Dataset records START

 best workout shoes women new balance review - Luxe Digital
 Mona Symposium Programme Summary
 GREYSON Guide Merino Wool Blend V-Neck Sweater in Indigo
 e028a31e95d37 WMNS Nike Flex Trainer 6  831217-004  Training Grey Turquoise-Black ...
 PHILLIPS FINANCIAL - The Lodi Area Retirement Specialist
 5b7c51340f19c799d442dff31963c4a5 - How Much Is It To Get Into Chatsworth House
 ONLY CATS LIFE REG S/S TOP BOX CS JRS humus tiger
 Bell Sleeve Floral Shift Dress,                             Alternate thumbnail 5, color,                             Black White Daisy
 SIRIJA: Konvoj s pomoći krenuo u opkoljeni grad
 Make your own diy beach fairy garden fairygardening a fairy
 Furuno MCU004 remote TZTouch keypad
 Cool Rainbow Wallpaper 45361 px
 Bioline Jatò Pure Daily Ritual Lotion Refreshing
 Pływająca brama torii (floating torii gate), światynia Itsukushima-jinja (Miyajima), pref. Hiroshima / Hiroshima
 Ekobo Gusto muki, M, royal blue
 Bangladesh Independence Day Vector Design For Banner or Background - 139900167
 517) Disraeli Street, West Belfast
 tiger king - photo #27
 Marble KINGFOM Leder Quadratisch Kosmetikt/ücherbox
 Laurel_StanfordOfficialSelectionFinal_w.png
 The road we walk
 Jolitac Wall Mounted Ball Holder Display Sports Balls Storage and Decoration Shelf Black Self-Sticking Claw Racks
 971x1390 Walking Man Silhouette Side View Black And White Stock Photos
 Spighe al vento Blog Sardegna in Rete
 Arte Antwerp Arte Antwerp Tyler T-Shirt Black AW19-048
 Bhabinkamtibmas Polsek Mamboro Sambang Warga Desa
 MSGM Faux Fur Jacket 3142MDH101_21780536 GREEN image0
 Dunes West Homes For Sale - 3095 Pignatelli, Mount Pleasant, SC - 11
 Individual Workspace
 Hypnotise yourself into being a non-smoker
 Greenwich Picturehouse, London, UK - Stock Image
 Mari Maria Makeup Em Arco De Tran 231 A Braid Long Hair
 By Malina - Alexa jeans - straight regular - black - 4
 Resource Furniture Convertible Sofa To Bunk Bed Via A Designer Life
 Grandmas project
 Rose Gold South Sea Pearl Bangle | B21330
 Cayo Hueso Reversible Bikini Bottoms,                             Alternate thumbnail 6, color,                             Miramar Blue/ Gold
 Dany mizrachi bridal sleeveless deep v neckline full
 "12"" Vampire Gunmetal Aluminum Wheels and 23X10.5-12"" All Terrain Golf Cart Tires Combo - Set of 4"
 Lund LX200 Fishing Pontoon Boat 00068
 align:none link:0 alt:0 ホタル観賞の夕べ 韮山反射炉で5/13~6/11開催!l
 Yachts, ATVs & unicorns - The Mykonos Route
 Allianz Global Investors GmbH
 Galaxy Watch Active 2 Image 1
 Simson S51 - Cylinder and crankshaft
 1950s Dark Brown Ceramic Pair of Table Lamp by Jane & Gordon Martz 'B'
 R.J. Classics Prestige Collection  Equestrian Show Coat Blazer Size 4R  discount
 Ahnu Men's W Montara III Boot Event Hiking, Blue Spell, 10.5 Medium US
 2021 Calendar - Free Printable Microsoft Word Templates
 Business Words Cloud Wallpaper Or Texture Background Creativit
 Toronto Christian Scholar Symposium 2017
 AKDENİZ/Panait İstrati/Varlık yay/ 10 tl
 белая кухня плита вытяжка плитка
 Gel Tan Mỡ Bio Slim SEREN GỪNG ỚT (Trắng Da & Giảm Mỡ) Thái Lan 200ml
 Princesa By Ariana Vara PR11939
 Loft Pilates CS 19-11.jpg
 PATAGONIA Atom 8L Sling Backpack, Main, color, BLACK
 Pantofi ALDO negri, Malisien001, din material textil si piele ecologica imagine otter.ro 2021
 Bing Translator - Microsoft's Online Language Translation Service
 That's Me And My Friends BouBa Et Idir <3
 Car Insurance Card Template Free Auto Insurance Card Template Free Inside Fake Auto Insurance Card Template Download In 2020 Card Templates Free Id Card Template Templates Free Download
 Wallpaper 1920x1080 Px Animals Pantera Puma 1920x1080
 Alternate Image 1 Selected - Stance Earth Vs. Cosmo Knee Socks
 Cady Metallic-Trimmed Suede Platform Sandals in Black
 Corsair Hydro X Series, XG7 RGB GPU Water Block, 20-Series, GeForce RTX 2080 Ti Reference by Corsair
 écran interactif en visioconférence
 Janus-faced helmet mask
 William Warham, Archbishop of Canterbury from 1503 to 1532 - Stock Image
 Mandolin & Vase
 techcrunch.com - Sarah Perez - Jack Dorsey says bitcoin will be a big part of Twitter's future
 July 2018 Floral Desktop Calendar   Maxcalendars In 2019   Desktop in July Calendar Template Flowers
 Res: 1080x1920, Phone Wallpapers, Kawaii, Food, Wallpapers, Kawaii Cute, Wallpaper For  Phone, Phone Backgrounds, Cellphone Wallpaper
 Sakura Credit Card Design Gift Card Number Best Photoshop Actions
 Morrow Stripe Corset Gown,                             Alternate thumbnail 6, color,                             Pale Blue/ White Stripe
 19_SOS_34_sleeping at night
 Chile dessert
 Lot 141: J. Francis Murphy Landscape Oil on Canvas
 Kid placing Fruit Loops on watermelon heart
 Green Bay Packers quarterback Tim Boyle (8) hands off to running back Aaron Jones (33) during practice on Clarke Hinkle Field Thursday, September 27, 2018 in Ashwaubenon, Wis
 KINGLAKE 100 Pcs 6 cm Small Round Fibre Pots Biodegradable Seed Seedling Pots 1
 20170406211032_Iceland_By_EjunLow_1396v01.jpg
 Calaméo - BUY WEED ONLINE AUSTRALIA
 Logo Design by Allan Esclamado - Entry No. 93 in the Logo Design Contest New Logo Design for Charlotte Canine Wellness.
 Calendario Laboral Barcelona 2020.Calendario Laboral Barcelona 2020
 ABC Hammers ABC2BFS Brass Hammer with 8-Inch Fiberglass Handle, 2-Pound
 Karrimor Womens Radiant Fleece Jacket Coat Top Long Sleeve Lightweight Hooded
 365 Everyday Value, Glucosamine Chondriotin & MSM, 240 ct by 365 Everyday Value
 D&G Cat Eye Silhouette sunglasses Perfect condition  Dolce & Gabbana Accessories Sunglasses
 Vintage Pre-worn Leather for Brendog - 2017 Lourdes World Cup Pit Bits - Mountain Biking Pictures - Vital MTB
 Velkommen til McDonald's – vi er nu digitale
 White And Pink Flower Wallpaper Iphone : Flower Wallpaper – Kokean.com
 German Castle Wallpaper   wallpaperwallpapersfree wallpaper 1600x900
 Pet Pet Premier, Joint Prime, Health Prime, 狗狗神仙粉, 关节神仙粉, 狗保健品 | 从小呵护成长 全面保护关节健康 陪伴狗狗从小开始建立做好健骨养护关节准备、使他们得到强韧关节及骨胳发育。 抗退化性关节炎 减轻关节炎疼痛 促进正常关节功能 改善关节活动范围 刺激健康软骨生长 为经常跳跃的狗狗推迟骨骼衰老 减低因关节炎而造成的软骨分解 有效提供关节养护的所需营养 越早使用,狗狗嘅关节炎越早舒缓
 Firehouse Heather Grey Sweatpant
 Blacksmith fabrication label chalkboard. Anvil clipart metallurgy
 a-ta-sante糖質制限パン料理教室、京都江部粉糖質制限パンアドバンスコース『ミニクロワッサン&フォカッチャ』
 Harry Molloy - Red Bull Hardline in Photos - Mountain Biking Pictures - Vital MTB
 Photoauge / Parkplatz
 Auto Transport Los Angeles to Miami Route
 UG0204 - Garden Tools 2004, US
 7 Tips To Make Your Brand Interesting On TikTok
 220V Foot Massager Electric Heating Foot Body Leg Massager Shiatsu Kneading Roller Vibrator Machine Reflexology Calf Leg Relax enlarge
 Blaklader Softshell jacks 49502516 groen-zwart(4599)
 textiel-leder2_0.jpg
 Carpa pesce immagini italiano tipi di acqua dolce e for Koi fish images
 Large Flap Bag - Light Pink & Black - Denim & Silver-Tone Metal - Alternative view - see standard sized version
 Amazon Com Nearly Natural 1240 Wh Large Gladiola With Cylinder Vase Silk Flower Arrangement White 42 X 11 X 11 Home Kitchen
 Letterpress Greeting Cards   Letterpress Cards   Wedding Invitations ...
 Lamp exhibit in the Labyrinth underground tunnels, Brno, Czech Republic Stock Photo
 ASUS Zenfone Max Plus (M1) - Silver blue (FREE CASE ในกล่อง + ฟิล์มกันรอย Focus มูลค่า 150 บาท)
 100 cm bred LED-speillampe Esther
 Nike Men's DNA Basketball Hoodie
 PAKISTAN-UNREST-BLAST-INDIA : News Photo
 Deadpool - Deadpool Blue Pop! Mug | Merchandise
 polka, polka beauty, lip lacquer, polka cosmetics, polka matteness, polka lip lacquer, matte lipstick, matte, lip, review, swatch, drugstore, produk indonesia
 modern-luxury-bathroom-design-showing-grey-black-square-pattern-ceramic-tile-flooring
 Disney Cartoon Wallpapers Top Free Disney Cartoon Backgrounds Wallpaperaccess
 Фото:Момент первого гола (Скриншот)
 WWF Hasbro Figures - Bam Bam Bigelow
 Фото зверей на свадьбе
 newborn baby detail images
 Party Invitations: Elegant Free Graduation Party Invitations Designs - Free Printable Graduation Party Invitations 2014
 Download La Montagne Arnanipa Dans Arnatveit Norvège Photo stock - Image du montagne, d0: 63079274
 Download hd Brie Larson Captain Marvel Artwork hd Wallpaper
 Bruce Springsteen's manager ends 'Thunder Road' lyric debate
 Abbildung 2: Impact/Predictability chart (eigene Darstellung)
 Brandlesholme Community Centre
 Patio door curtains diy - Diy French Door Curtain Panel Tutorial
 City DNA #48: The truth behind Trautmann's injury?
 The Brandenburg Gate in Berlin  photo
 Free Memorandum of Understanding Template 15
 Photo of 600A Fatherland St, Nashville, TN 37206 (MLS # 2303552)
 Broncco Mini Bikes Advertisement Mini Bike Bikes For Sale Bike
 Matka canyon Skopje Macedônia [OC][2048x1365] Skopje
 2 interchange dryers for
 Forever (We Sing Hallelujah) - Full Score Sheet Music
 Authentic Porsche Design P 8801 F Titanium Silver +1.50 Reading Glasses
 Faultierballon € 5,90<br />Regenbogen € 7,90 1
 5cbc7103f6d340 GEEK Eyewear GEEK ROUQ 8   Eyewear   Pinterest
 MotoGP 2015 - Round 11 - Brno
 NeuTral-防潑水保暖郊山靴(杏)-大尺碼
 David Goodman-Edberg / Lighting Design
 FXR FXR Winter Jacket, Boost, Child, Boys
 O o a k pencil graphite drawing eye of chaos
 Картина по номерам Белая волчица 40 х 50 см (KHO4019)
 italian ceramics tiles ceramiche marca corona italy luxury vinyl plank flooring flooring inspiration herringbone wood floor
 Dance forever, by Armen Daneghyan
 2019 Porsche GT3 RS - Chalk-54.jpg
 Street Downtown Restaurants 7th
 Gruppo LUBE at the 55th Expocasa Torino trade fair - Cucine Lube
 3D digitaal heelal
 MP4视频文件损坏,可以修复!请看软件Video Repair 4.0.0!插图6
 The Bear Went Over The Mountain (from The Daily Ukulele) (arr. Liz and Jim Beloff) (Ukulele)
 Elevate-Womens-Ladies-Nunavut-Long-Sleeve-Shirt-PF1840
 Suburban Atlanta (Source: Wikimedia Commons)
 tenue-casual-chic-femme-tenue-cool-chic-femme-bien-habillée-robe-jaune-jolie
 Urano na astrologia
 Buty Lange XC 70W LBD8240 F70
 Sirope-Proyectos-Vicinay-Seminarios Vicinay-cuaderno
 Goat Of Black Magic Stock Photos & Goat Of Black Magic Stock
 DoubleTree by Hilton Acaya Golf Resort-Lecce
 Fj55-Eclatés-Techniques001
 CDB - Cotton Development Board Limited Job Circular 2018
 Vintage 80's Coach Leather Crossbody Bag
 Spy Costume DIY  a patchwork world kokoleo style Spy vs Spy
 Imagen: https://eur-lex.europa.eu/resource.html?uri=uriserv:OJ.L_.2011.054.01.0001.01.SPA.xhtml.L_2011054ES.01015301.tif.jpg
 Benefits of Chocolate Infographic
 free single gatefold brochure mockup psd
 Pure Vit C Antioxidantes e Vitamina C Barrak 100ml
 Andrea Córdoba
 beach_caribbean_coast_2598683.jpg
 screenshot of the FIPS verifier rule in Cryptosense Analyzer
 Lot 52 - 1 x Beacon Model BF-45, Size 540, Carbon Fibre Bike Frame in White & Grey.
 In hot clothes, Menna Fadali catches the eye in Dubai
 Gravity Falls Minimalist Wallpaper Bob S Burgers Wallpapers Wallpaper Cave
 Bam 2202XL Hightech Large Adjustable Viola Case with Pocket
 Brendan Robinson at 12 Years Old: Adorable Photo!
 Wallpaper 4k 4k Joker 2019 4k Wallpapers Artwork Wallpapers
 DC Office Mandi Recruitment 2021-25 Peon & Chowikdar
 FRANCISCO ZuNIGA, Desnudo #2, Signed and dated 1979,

Dataset records END

Try it
Using the entries above, give again exactly the lines from the line holding "Furuno MCU004 remote TZTouch keypad" through the line holding "Bangladesh Independence Day". Include both end lines and nothing else.

Answer for this exercise
 Furuno MCU004 remote TZTouch keypad
 Cool Rainbow Wallpaper 45361 px
 Bioline Jatò Pure Daily Ritual Lotion Refreshing
 Pływająca brama torii (floating torii gate), światynia Itsukushima-jinja (Miyajima), pref. Hiroshima / Hiroshima
 Ekobo Gusto muki, M, royal blue
 Bangladesh Independence Day Vector Design For Banner or Background - 139900167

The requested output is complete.